I La Galigo is visually stunning, as Wilson’s pieces customarily are. Wilson, who is also the show’s set and lighting designer, has said before and says again here in a director’s note that he’s not concerned with interpretation; that’s a task he assigns the audience. “I simply like to consider my theater as the work of an artist,” he states. “I have the same interest in the movement, the words, the light, the sound, and the image.” My take is that he has more interest in the light, sound, and image than in the words. This production contains far fewer words than beautiful lighting cues — vivid flashes of bright reds, yellows, and greens — not to mention the hypnotic sounds of Rahayu Supanggah’s non-stop underscoring and the deliberate arrangement of the cast (50 in number) on the stage in Joachim Herzog’s striking costumes.

The standard Wilson stagecraft is in service to a poem containing the hallmarks of creation myths that have emerged in societies all over the globe.
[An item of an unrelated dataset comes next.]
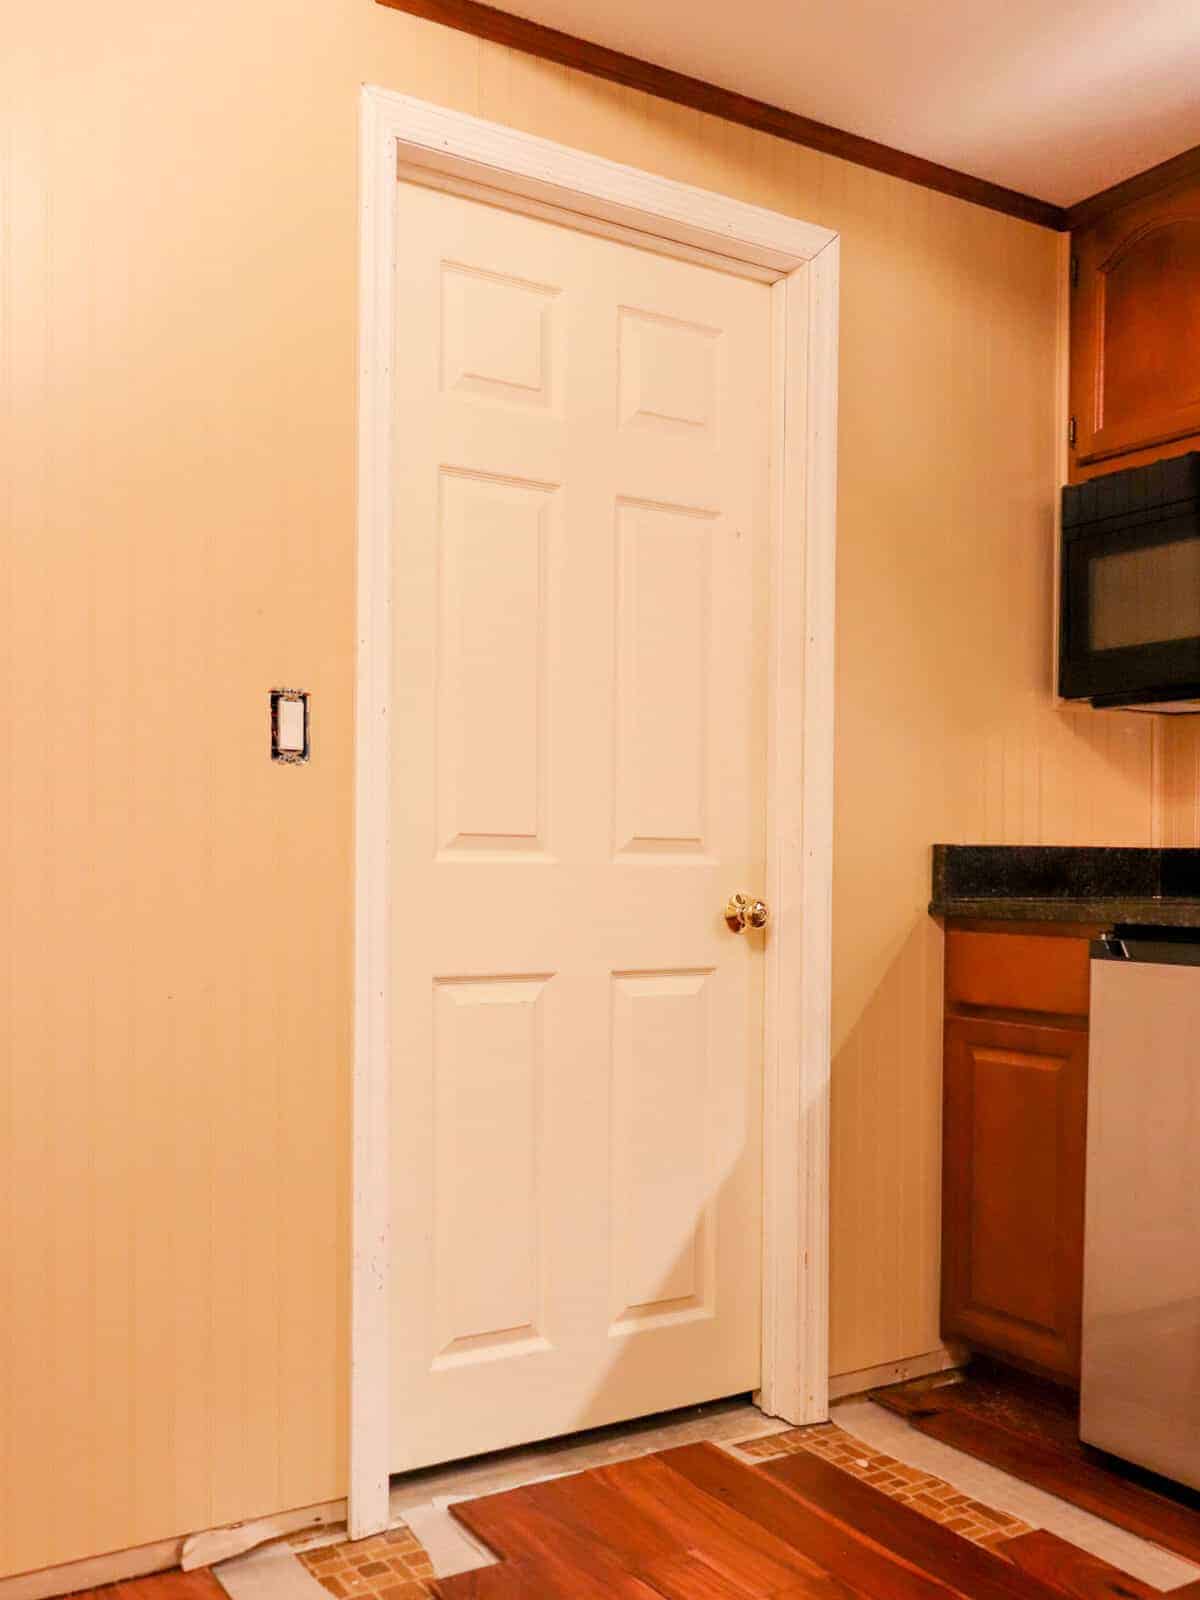 Moving an Interior Door
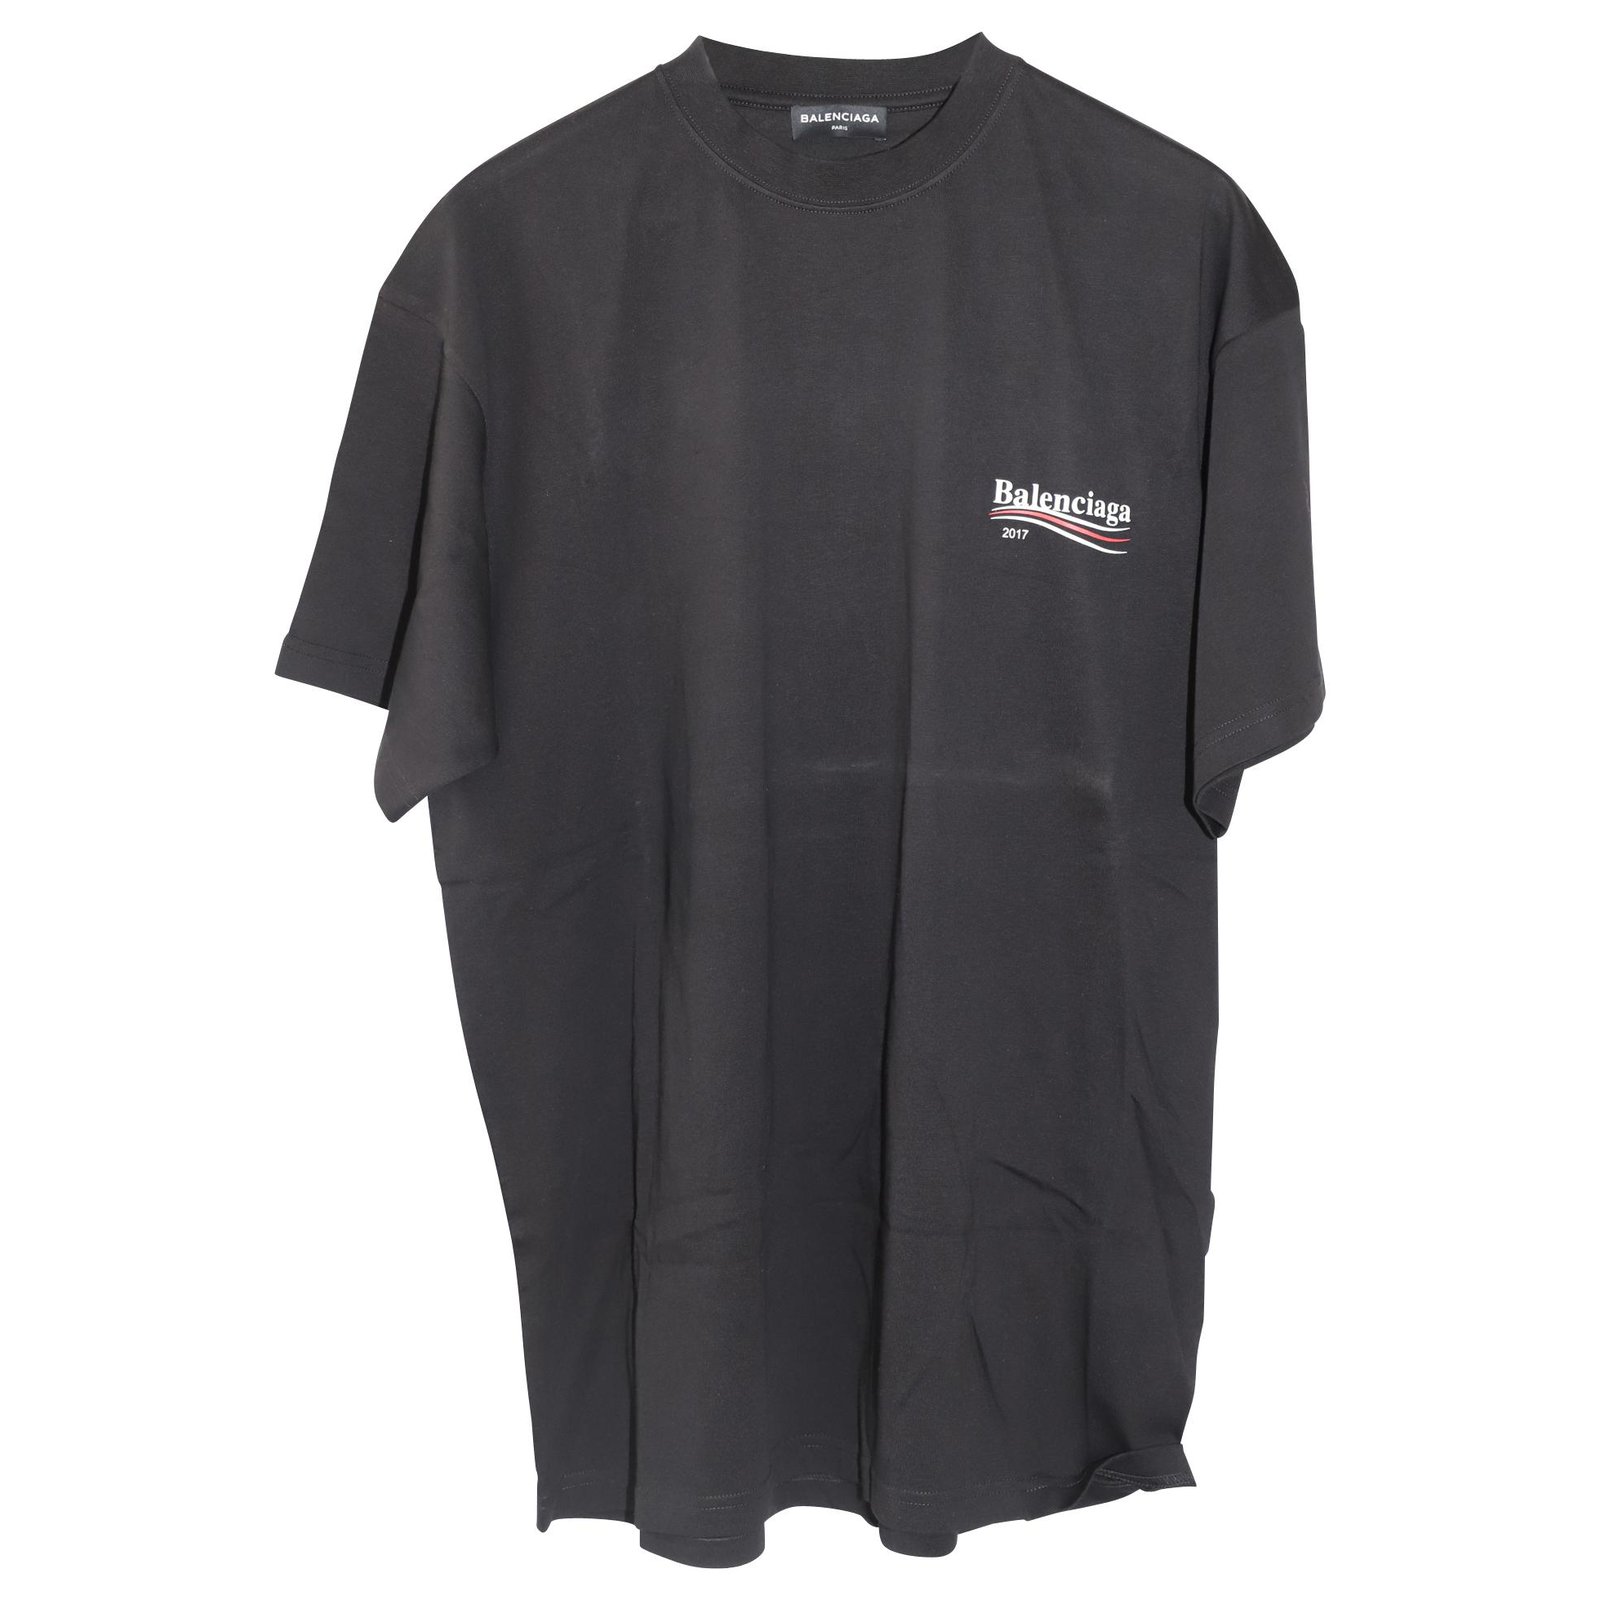 Black Balenciaga 2017 Logo Printed Oversized T-Shirt

In some versions, this particular poem runs to more than 6,000 pages, and it was evidently recorded in Bugis-language manuscript that only about 100 people alive today can read. The meandering tale is narrated by the eponymous I La Galigo (M. Gentille Andi Lolo), who recounts how the Upper World and Under World manipulated the Middle World population until they tired of the activity and removed themselves, as gods often do.

Wilson’s 10 scenes (plus prologue and epilogue) tail I La Galigo’s dad, Sawérigading (the muscular Kadek Tegeh Okta WM), who’s sent to govern the Middle World but who wants only to mate with his twin sister, Wè Tènriabeng (the exquisite Ascafeony Deangtanang Maladjong). The latter suggests that the former “look into the nail of my thumb” to see their equally gorgeous cousin, Wè Cudaiq (the equally gorgeous Sri Qadariatin) and mate with her. This happens, but not before Wè Cudaiq declares Sawérigading a “barbarian” and then changes her harsh tune. (By the way, Middle World should not be confused with J.R.R. Tolkien’s Middle Earth — or should it? A ring does get tossed into this ring.)

Early civilizations had to formulate their own explanations of how life on this earth came to be. The resulting fantasies maintain a certain fascination but aren’t enlightening as they once were, now that we have evolution to explain our origins — or, at least, some of us do. Though Wilson’s ceremonial stage piece involves passions flaring and moots the wages of incest, it never becomes emotionally compelling. At bottom, I La Galigo is a pageant, one that passes before the eyes colorfully but holds our interest only insofar as we remain intrigued by the idiosyncracies of the Other.